Figure 1. The 5 stages in the Red-Green-Refactor software development cycle

Requests originate from the BDD / Agile Design phase/thinking sessions.

Common requests are new feature stories or issue/bug fixes.

These are the 5 steps:

  1. Pick a request from your project management system [5]

    1. Action it! by Read, understand the request
  2. Write a test to reflect the requirement

    1. run test it must fail!! (Red)
  3. Write the code

    1. run test - code until test passes (Green)
  4. refine, cleanup code (Refactor)

    1. run test - if fails continue to refactor till it passes
  5. rinse, lather, repeat.

Sometimes tests expect exctpions so how to make them not fail.

How to properly assert that an exception gets raised in pytest?

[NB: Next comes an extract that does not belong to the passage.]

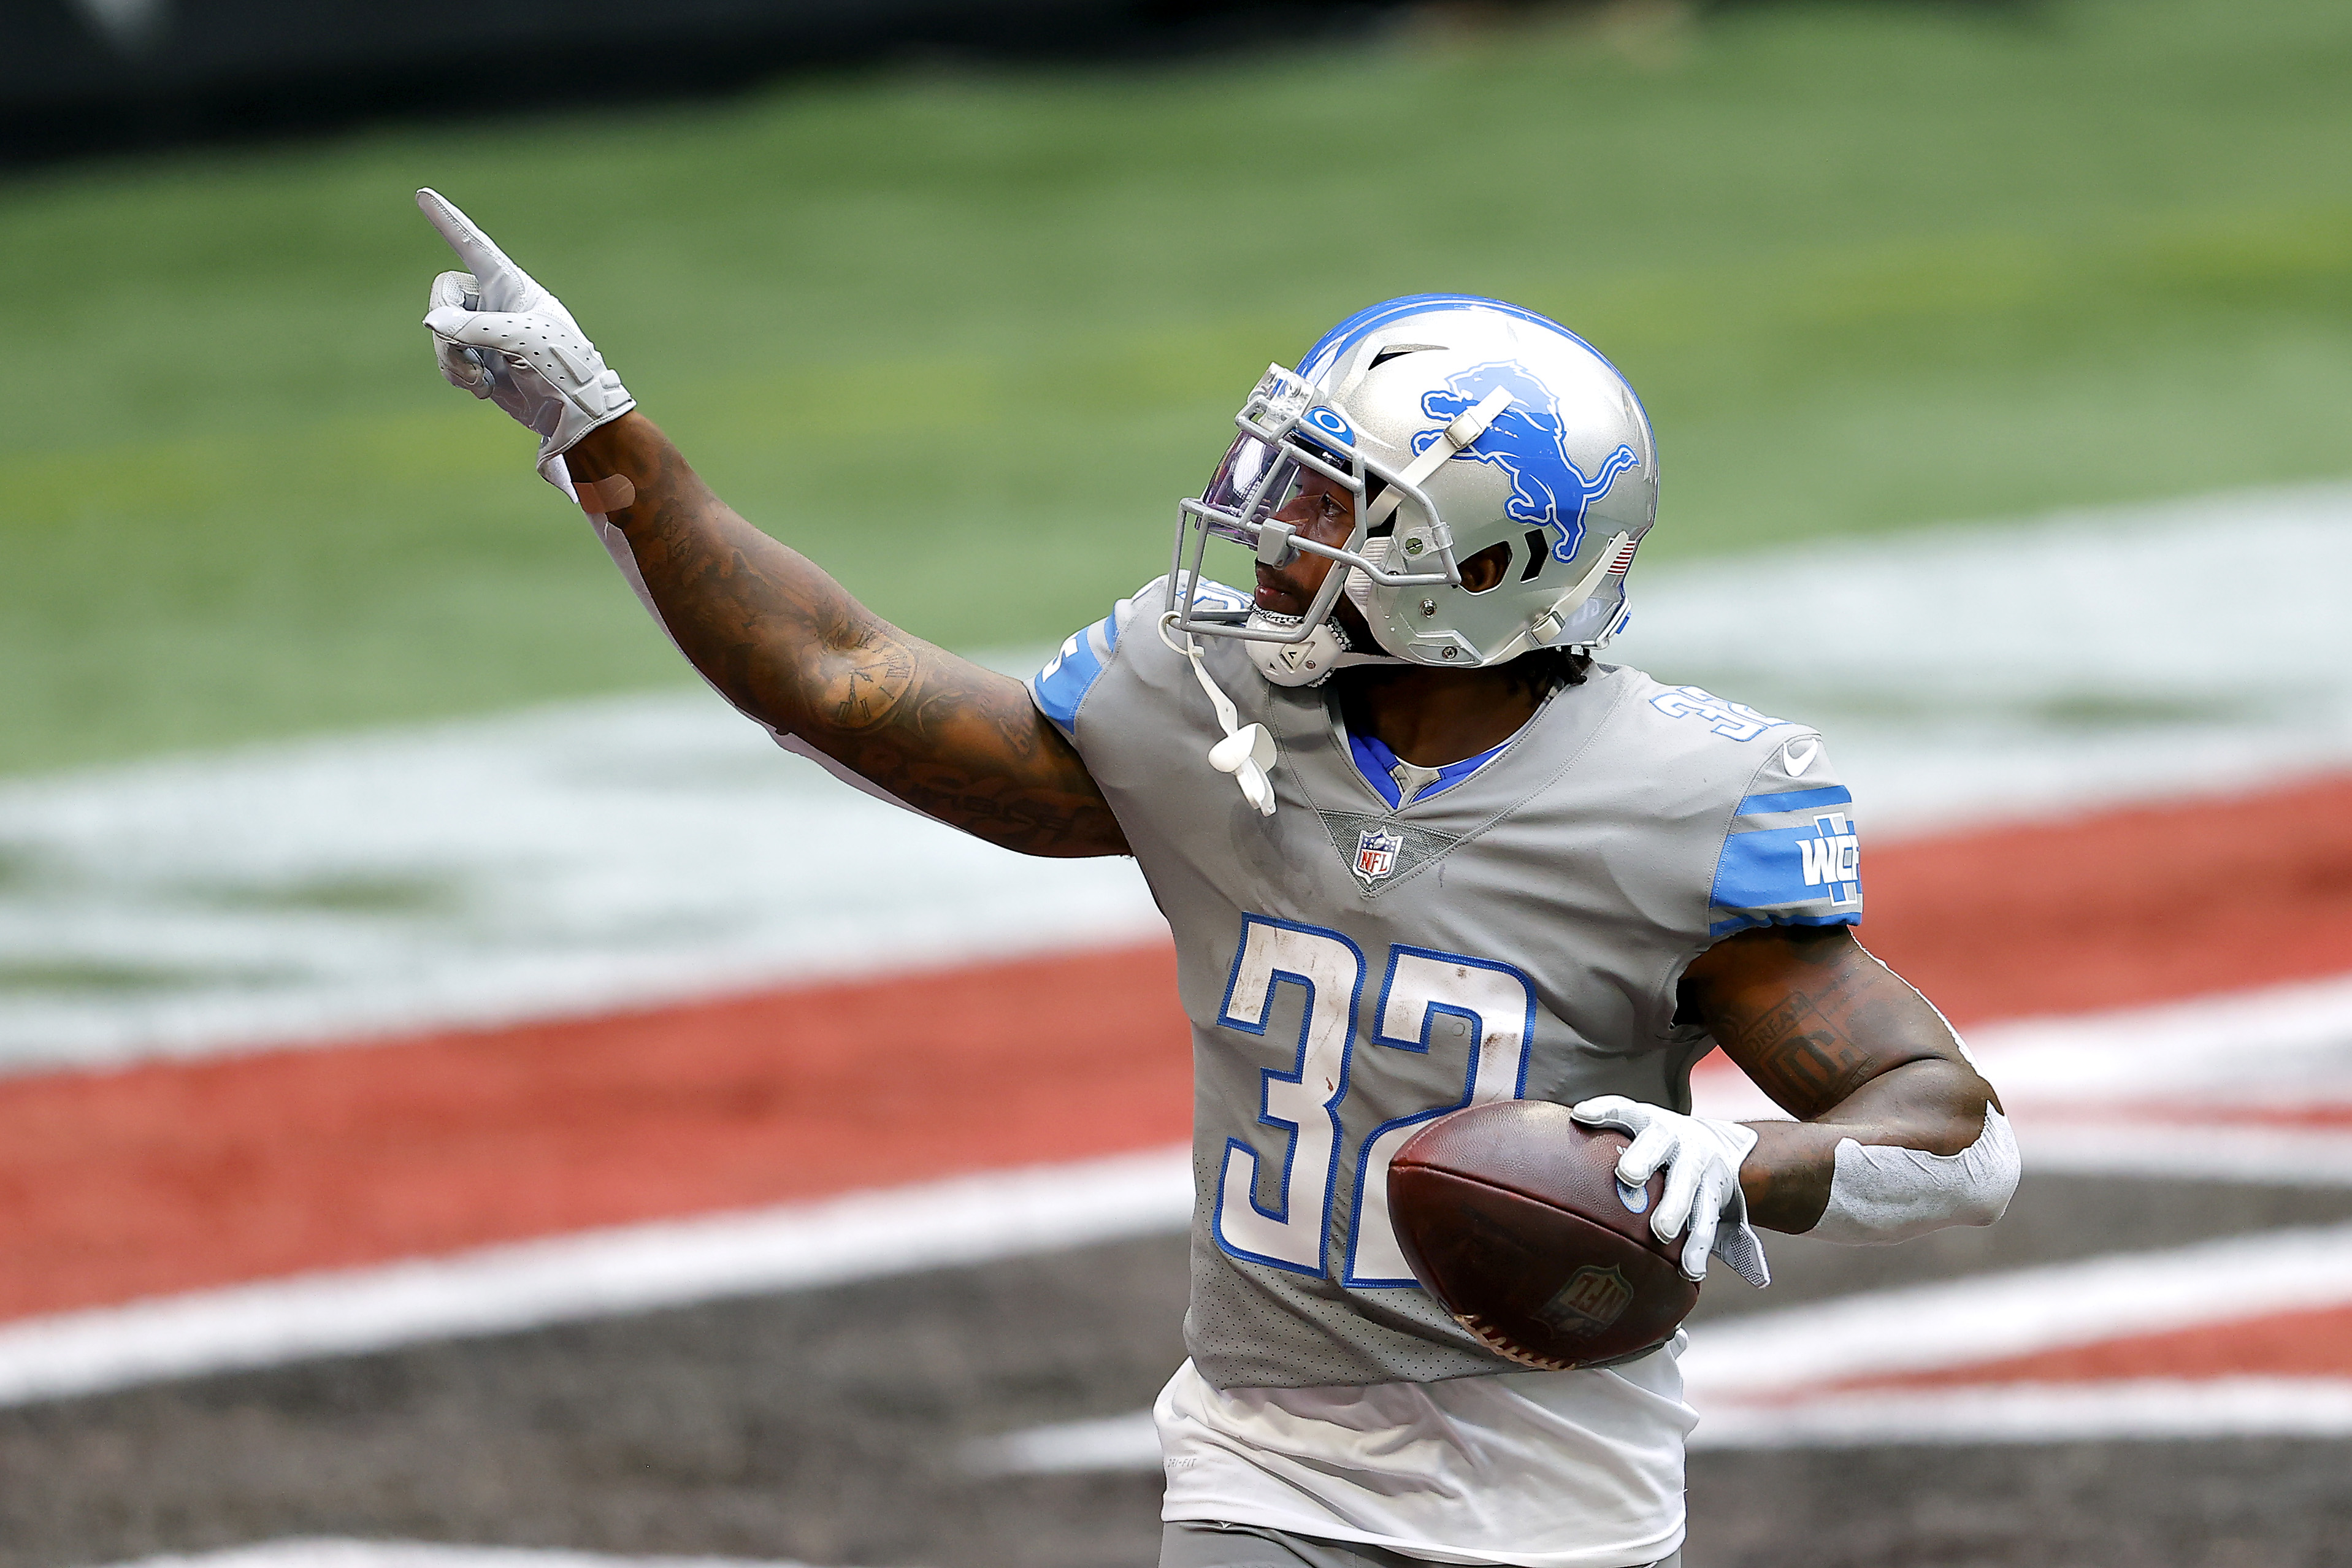 D’Andre Swift #32 of the Detroit Lions celebrates his rushing touchdown against the Atlanta Falcons during the first half at Mercedes-Benz Stadium on October 25, 2020 in Atlanta, Georgia.

According to this Stackoverflow post Pytest has 2 ways to accomadate this:

  1. Using pytest.raises is likely to be better for cases where you are testing exceptions your own code is deliberately raising

  2. using @pytest.mark.xfail with a check function is probably better for something like documenting unfixed bugs (where the test describes what "should" happen) or bugs in dependencies.

Foot notes

[5] Project management tool include:

  • Jira
  • Pivotal Tracker
  • ZenHug
  • GitHub issues
  • other

Resources

Python Testing with pytest: Simple, Rapid, Effective, and Scalable. Okken, Brian. Pragmatic Bookshelf.

License

This code is licensed under the Apache License, Version 2. Separate third-party code objects invoked within this code pattern are licensed by their respective providers pursuant to their own separate licenses. Contributions are subject to the Developer Certificate of Origin, Version 1.1 and the Apache License, Version 2.